Narrow canyon comes alive with images of “demons”

It doesn’t have to be Halloween to see goblins, but it does take imagination.

Charles A. Barnes had imagination when he spotted the Goblin Gates along the Elwha River west of Port Angeles in 1890.

Barnes, a member of the Press Expedition exploring the Olympic Mountains, is believed to be the first non-American Indian to see the gates — rock formations where the river plunges into the narrow Rica Canyon several miles above what is now Lake Mills.

When Barnes discovered this portal in March of 1890, he noted the formations resembled demons.

“For several hundred feet, as far as can be seen down the canyon, a multitude of faces appear in succession near the water’s edge,” Barnes wrote in his journal.

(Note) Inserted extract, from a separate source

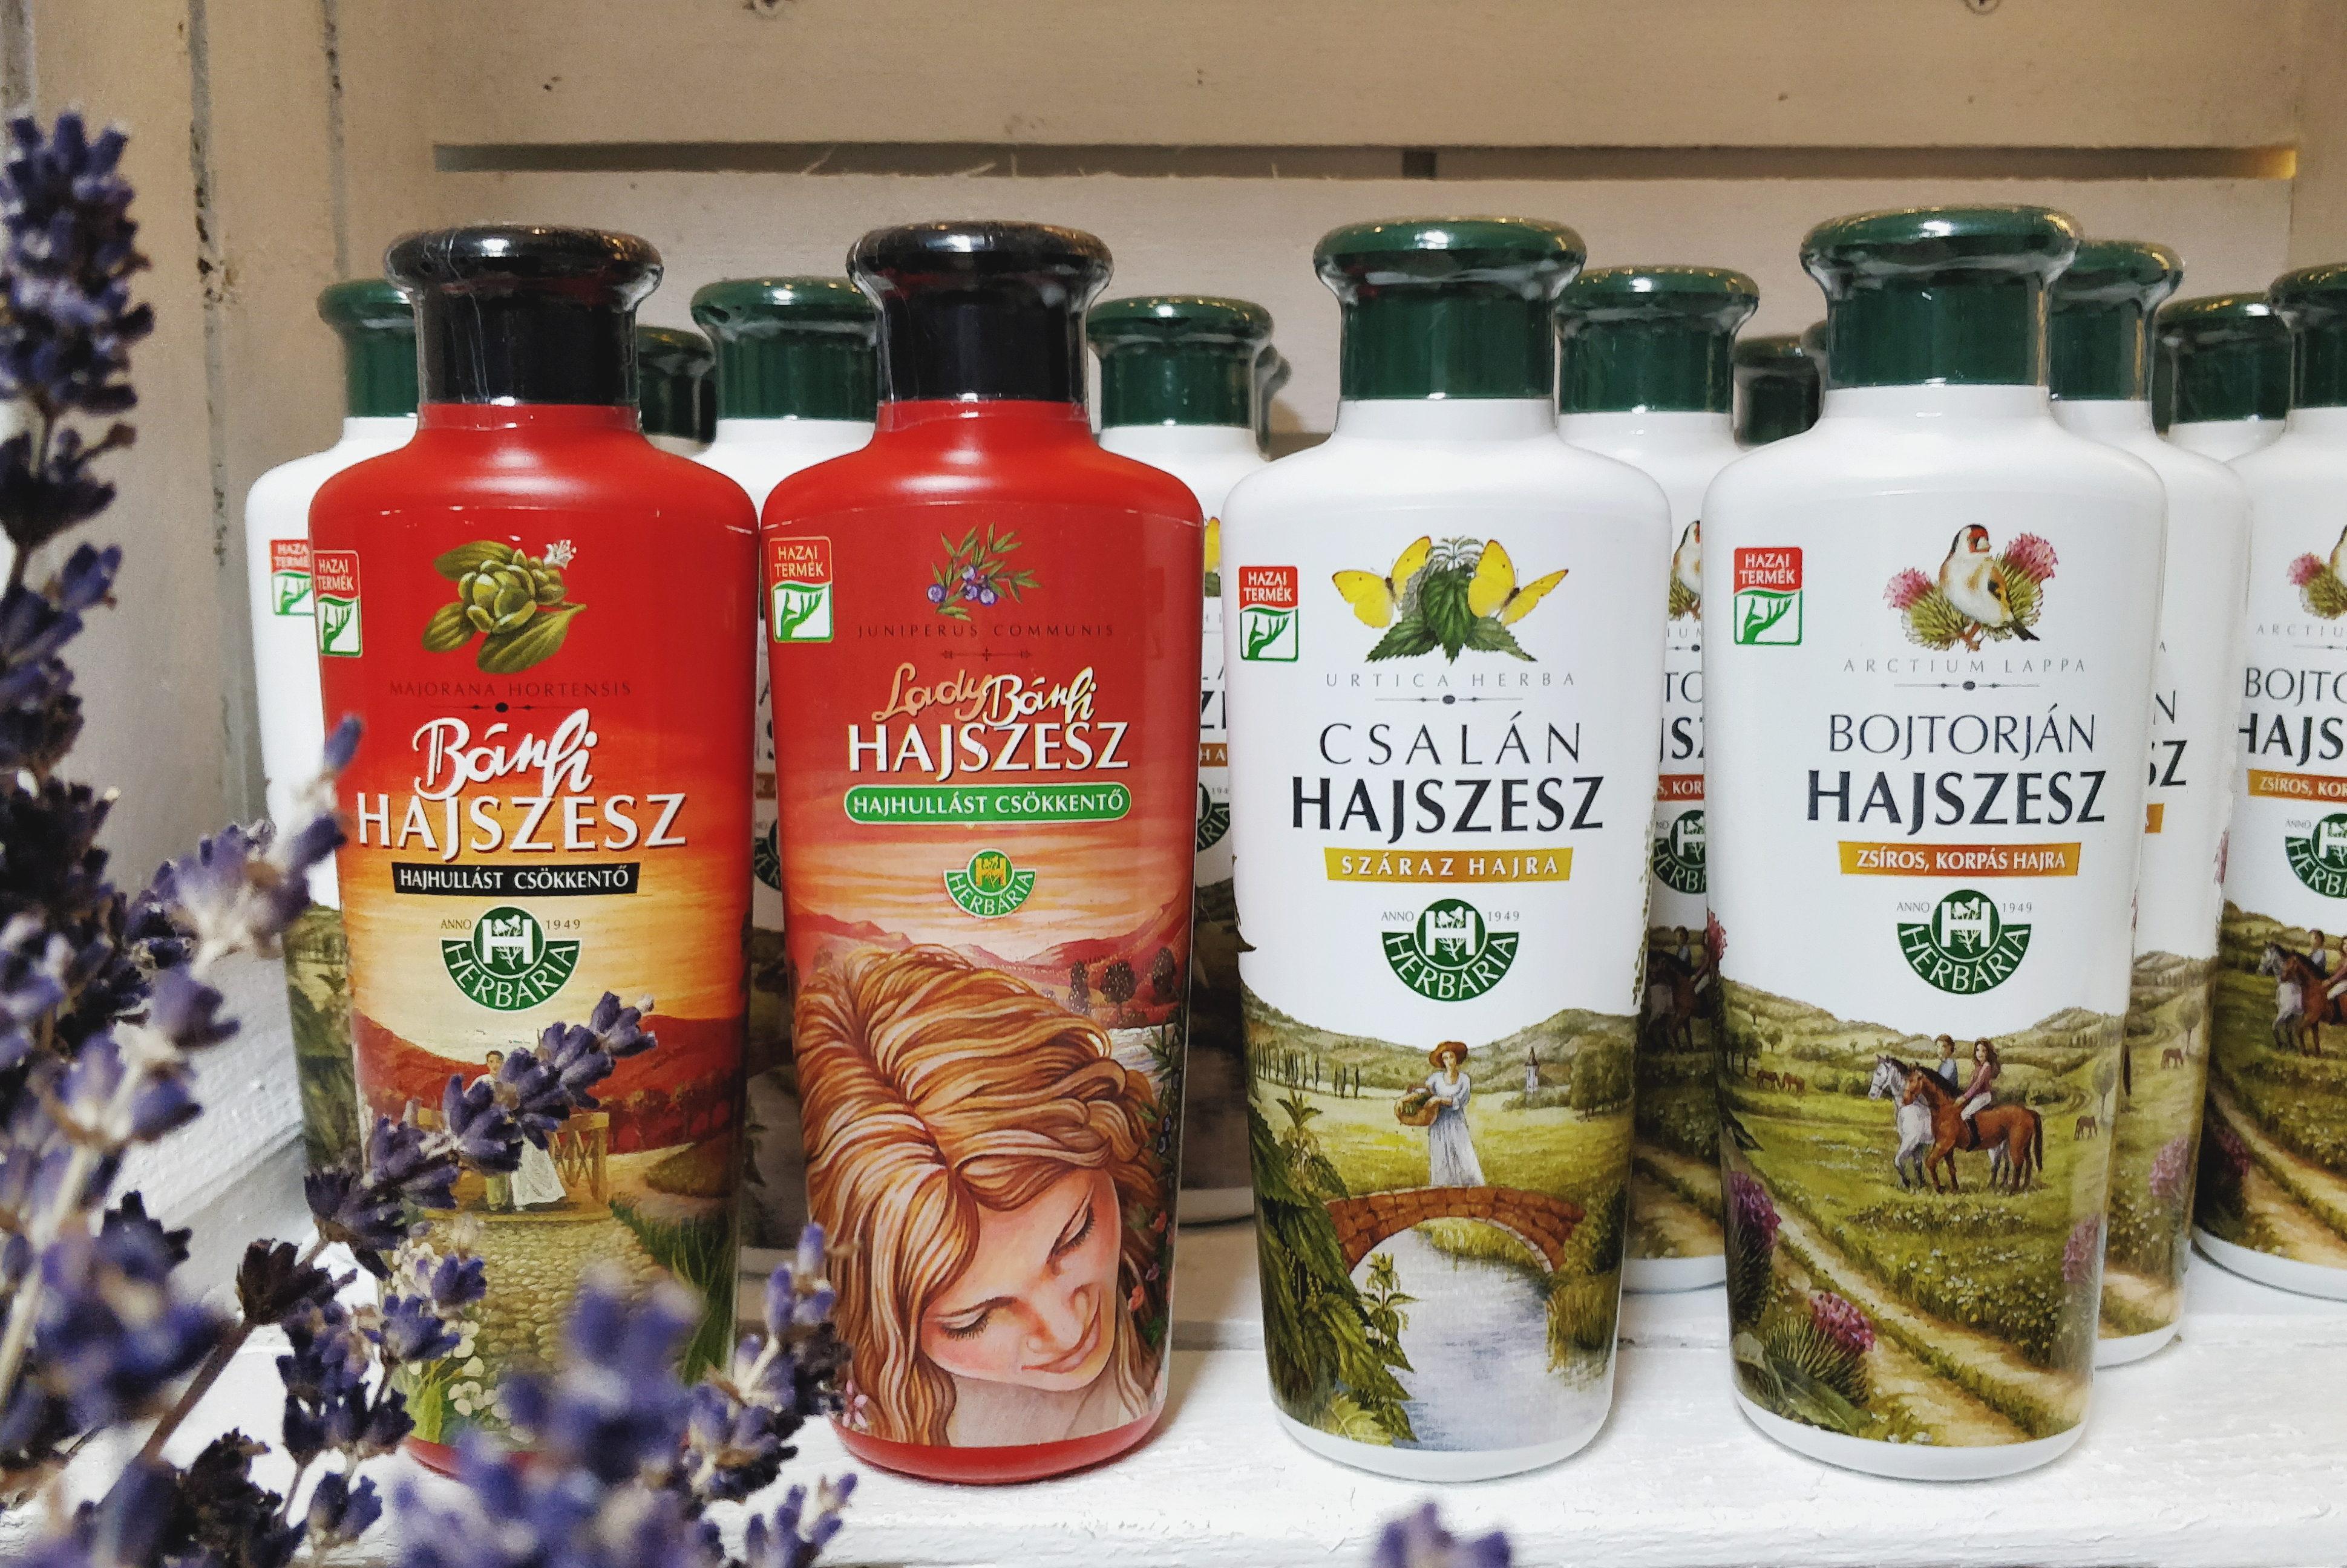 produkty banfi

“One could conceive in them tortured expressions, which, with the gloomy and mysterious character of the whole, justified us in giving it afterwards the name of ‘The Goblin Gates.”‘

The full flow of the Elwha passes through the Gates, which is about 12 feet wide.

When the five-man Press Expedition set out to explore the Olympics in what is now Olympic National Park, it took its members an entire winter to make it from Port Angeles to the gates.

The same journey now takes less than a few hours.

Details appear in the Friday/Saturday weekend edition of the Peninsula Daily News, only 35 cents at newsstands across Clallam and Jefferson counties. Beyond the counties, order your copy via U.S. mail by clicking onto “Subscribe.”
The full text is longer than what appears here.